Some E&Ps are discussing second lien transactions as a funding source. Typically, these were E&Ps with fairly high utilization of their revolvers going into the downturn that were either burning through cash or anticipating negative borrowing base redeterminations.
“My sense is that we’ll see these come sooner rather than later, because you never want to issue debt when your back is up against the wall,” he said. “The whole objective is to preserve liquidity to get to the other side of the downturn.”
Mark Ammerman, managing director with Scotiabank, heads up energy banking activities in the U.S. and oversees much of the Toronto-based bank’s international operations, including Latin America, Europe and Asia Pacific. Asian investors may represent an additional financing source for E&Ps beyond such channels as issuing second lien paper or selling assets, he said.
“Our Asian investor base is all over us,” Ammerman noted. “Having bought into deals and done all these joint ventures in the Eagle Ford and the Permian at premium prices, they now have this opportunity to further buy into these properties at heavily discounted levels in what they consider a politically risk-free country.

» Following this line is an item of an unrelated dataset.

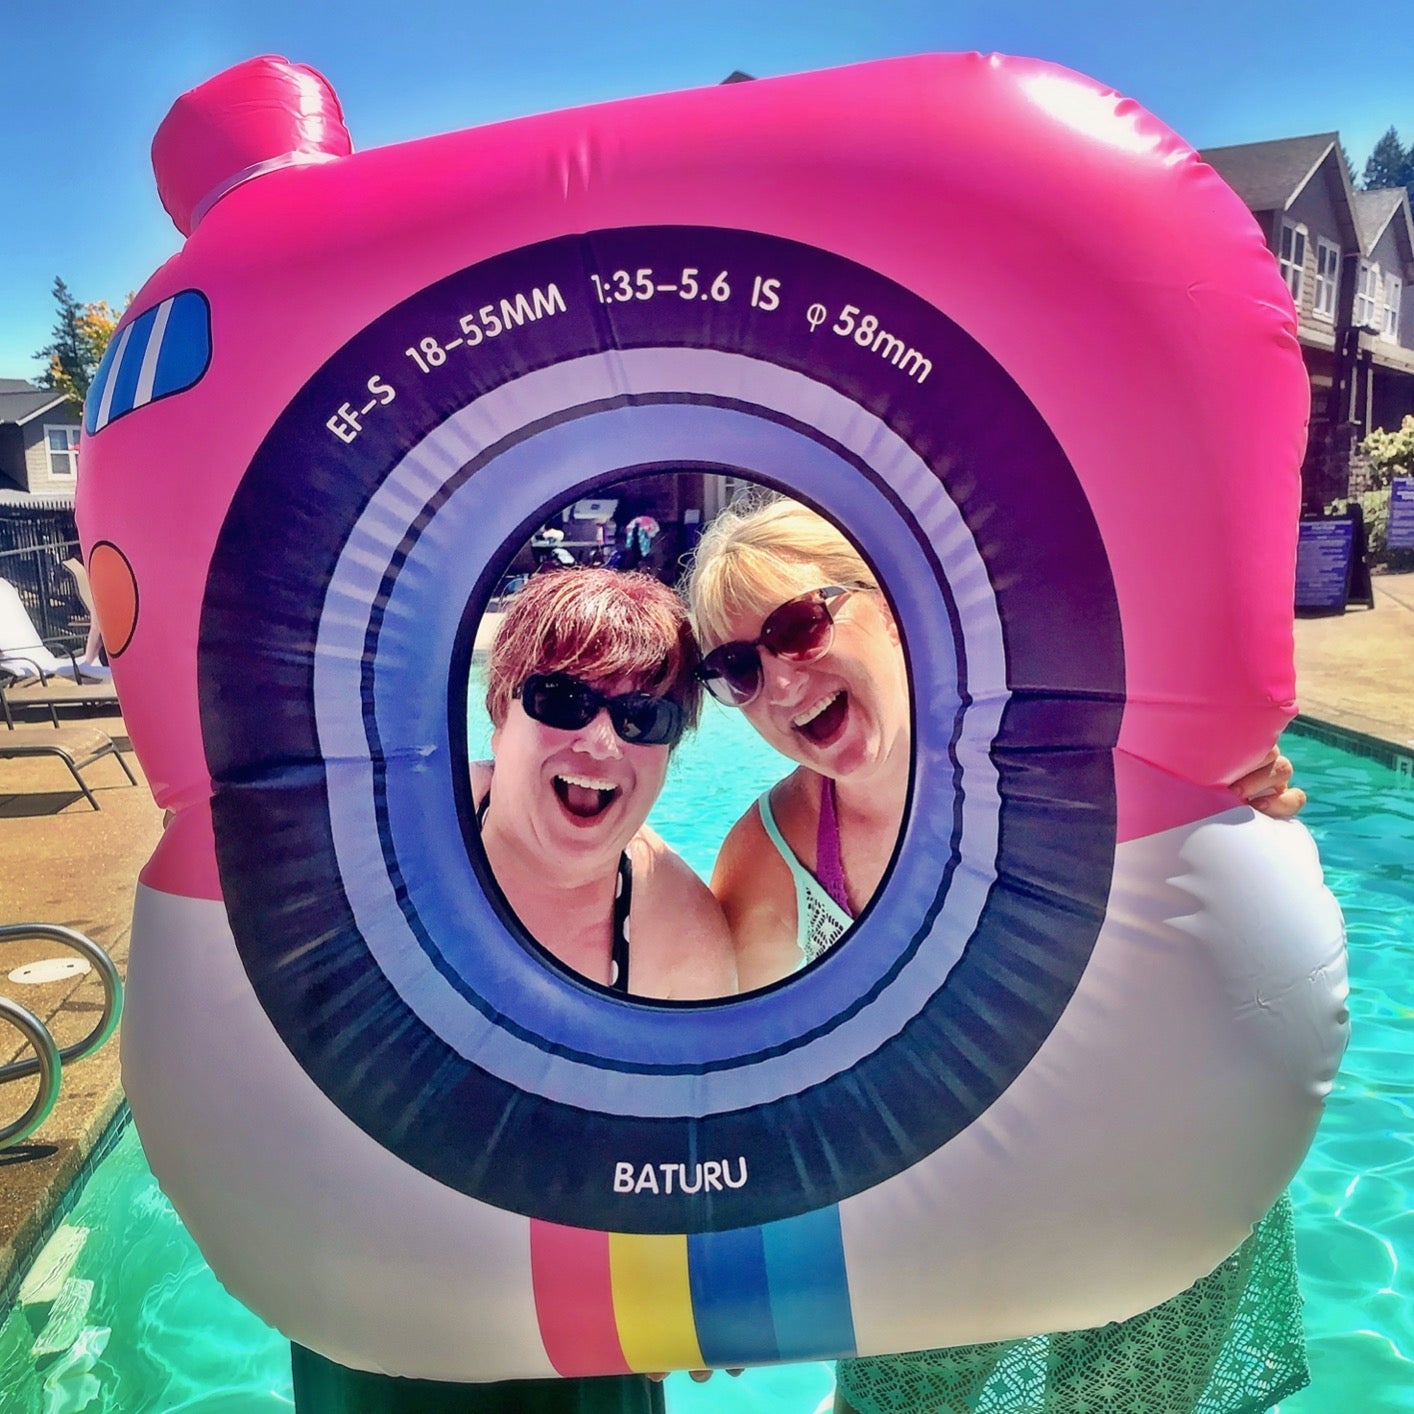 reviewers standing near a pool and posing by sticking their heads through the hole in the middle of the square, black, white, pink, blue, and yellow float that looks like a camera
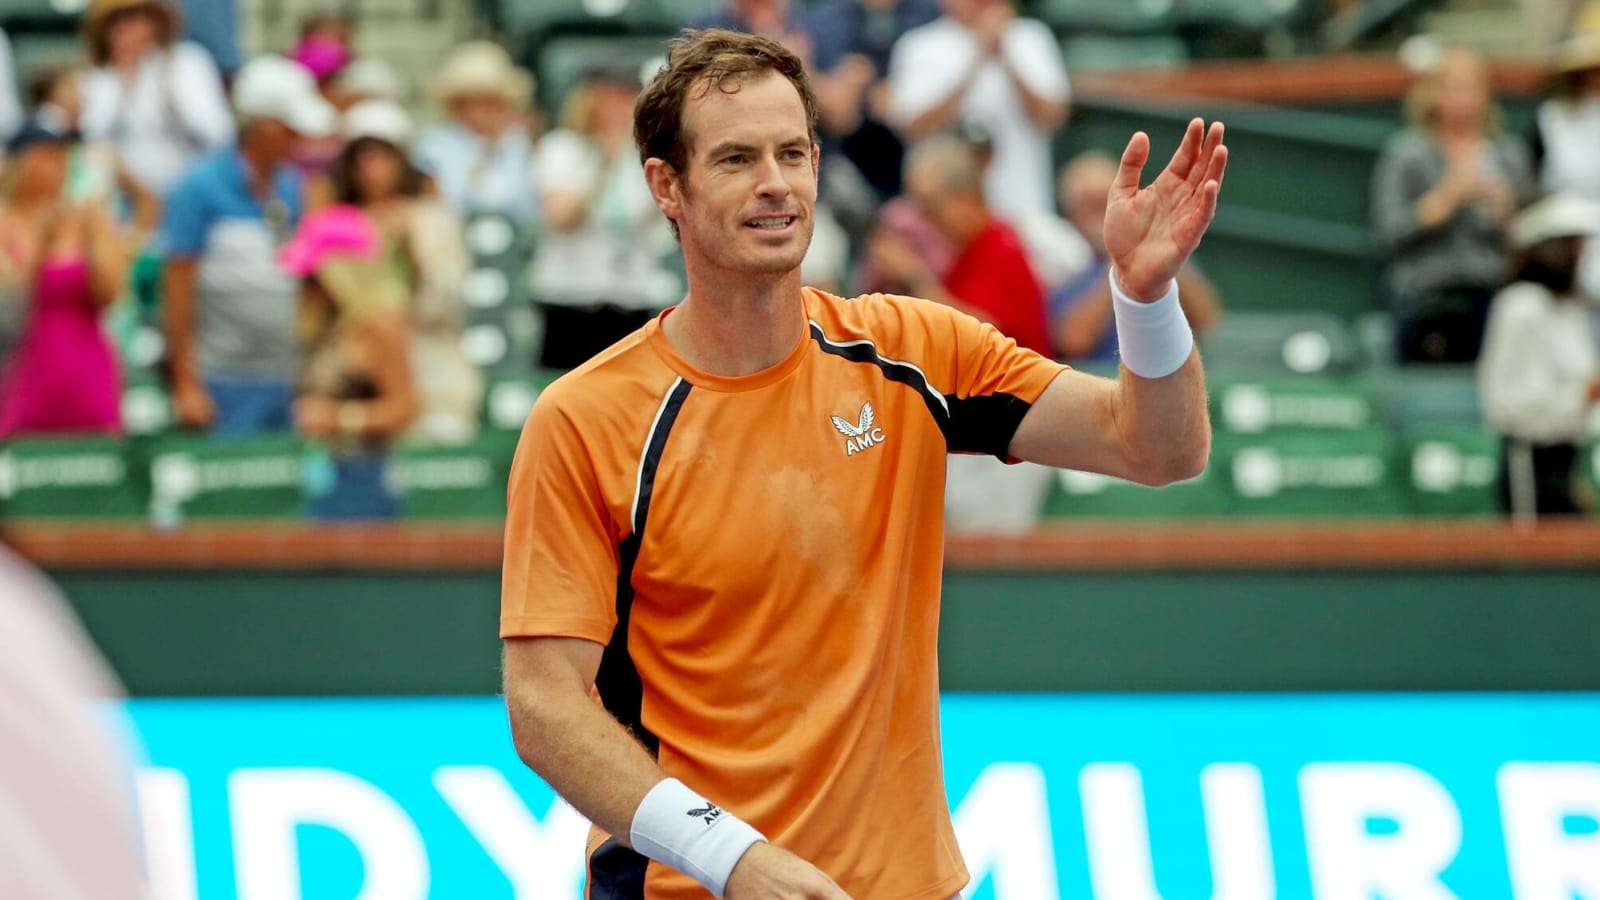 'The locker is a scary place,' Standing on the brink of retirement Andy Murray reveals how meeting his ‘idols’ was a trip downhill for the young Briton

This is completely different from all the markets we’ve had in the past. The money is out there; we just don’t have the sellers, because, frankly, they haven’t capitulated yet.”
Scotiabank’s ability to chalk up a record A&D year in 2014 stemmed in part from property divestitures in Africa, the Middle East and the North Sea, with proceeds earmarked for reinvestment in North American unconventional basins, Ammerman said. With oilfield service costs in the U.S. down by 10% to 20%, and using strip prices for oil four years out, the Eagle Ford Shale, for example, still offers investment opportunities with IRRs of about 35% in secondary acreage and 75% in core areas.
Ammerman recounted how an Asian client was targeting a seemingly low IRR of 15% at current commodity prices. “But his thought was that a 15% IRR today is next year’s 30%, and an IRR of 50% the year after that, presuming oil prices go up. They want to come in and spend money today, before the perceived price upside materializes. They aren’t trying to pick the 80% returns in this price environment. Everyone is still making the bet that there is an escalation of price over a couple of years.”
Mezzanine providers are another funding source for E&Ps, with terms typically being around 15% for three years versus seven to 10-year high-yield paper carrying a coupon of 12% to 13%. Clients “are being called daily,” Ammerman said.